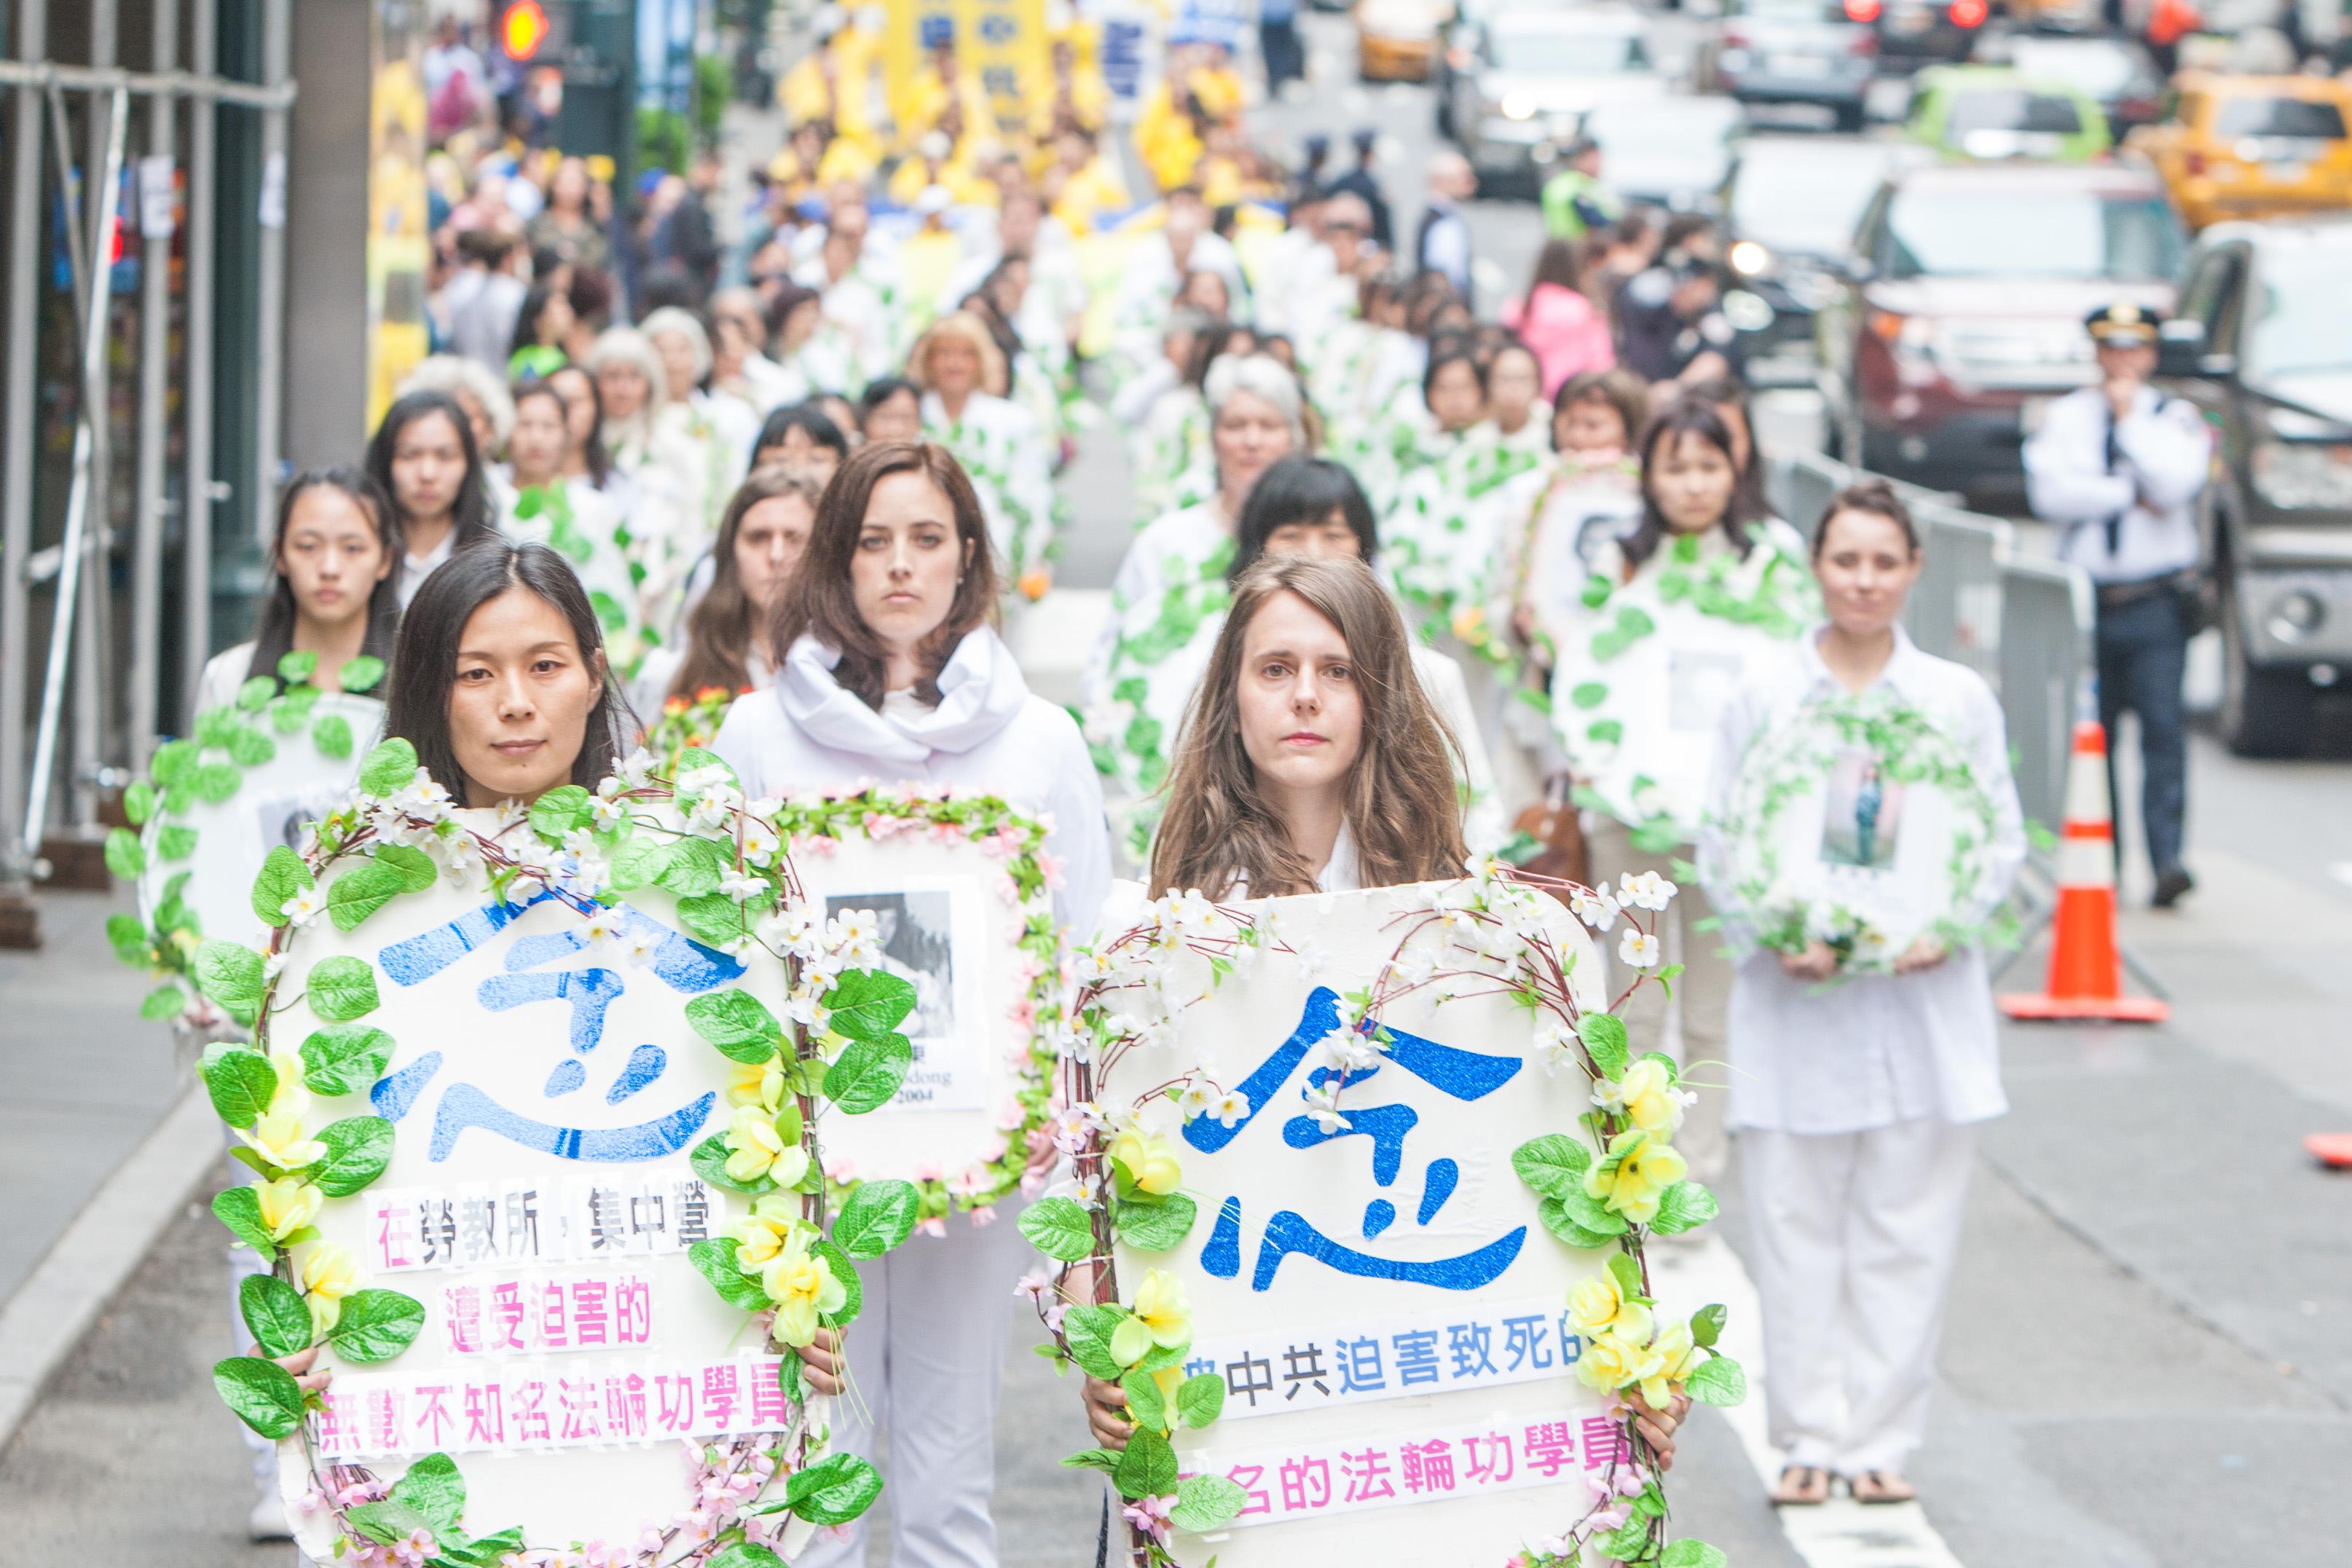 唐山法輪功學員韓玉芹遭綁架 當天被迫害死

----------

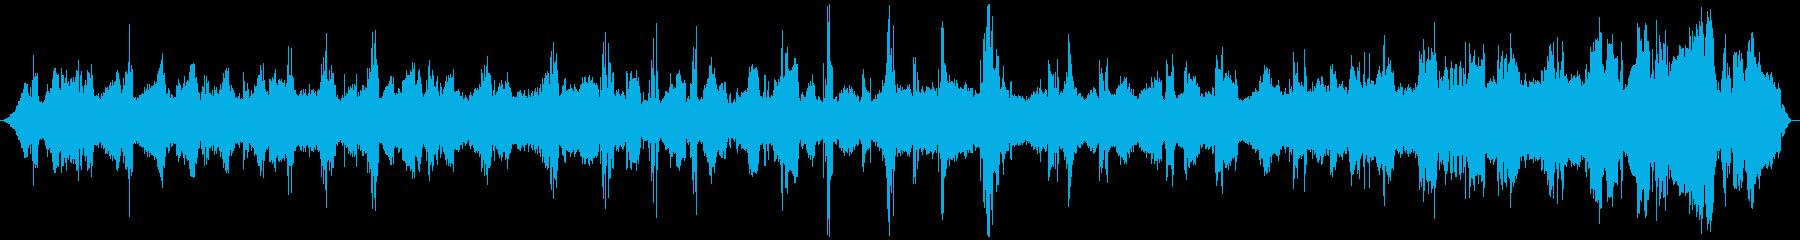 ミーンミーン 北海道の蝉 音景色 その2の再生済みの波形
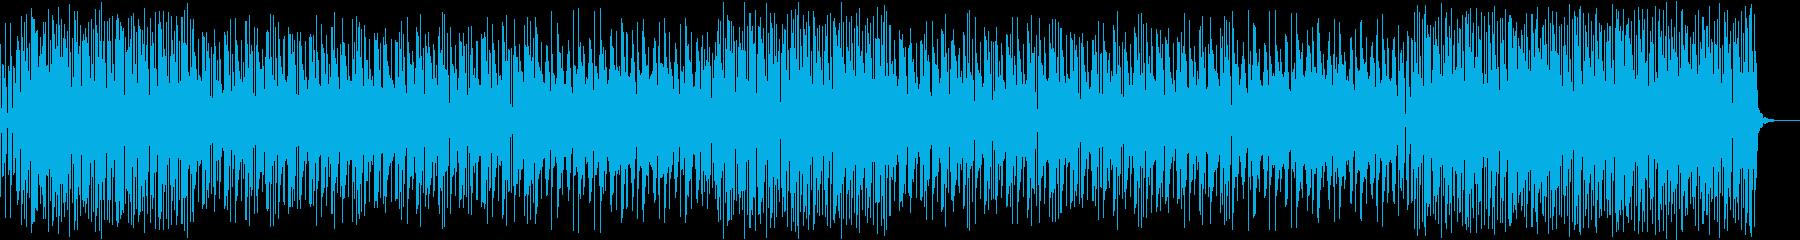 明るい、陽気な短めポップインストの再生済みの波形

----------

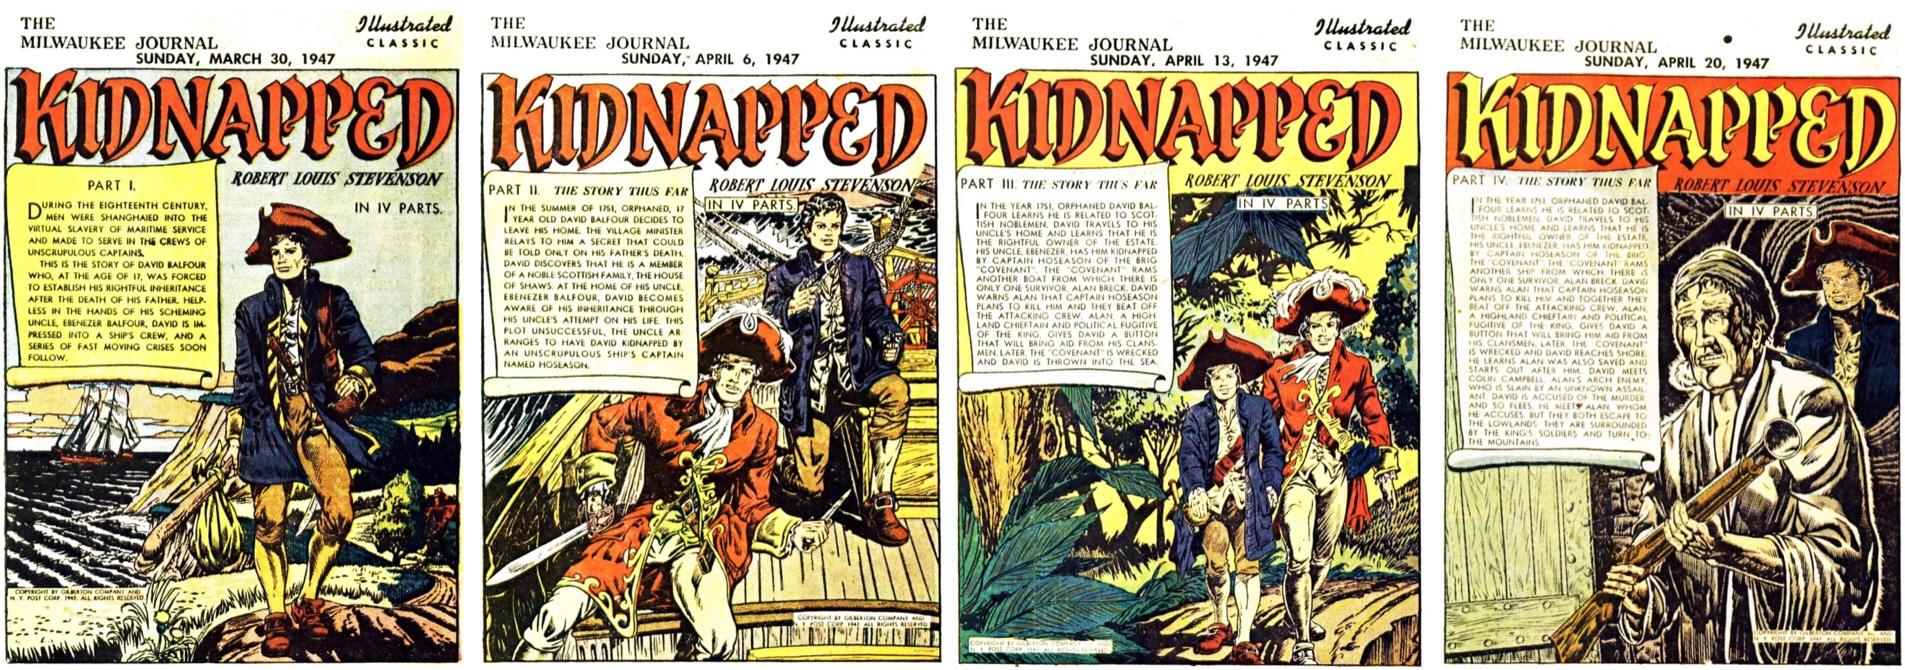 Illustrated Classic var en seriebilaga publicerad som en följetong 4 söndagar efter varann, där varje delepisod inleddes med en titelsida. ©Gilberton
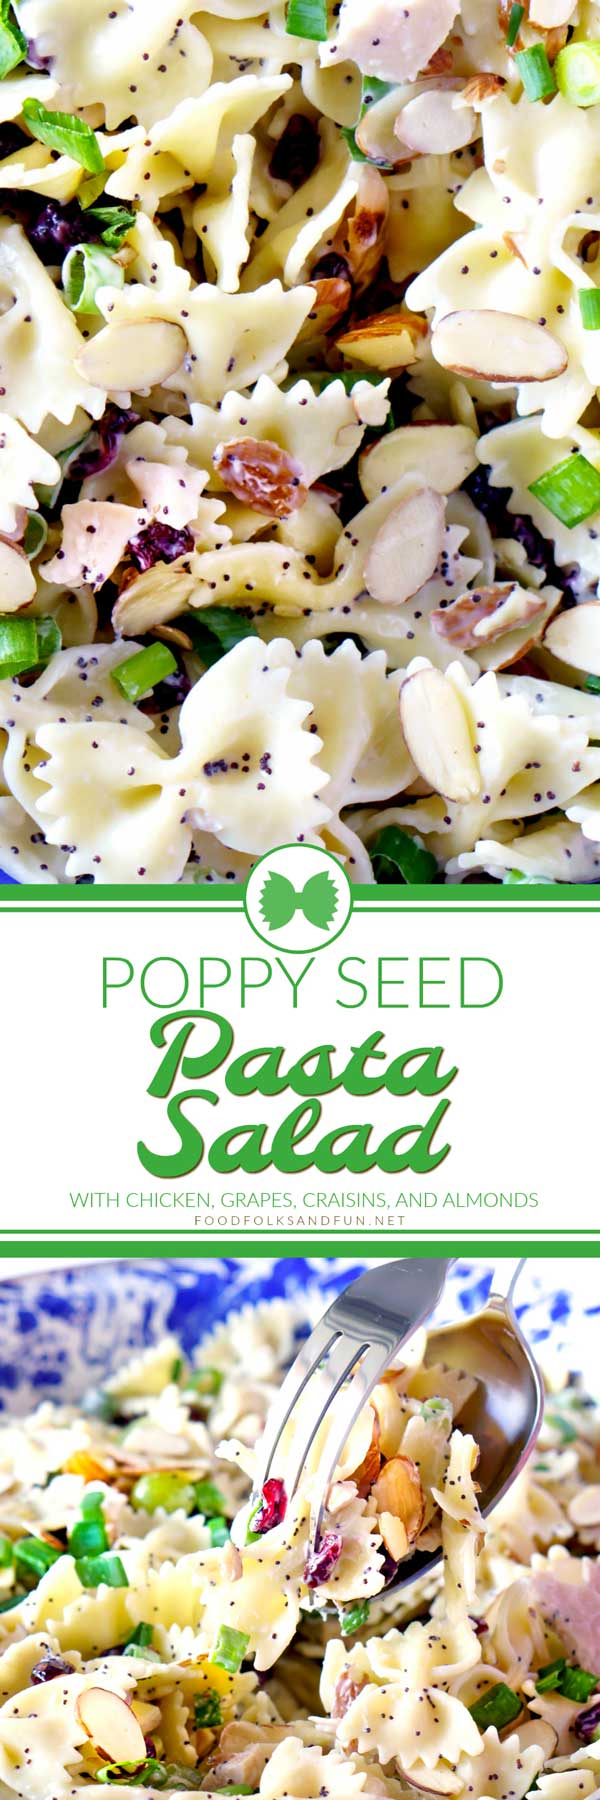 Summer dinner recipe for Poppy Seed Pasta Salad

----------

Of the lines above, copy only those from the one holding "ミーンミーン 北海道の蝉 音景色 その2の再生済みの波形" to the one holding "明るい、陽気な短めポップインストの再生済みの波形", both included, and exclude every image.

 ミーンミーン 北海道の蝉 音景色 その2の再生済みの波形
 明るい、陽気な短めポップインストの再生済みの波形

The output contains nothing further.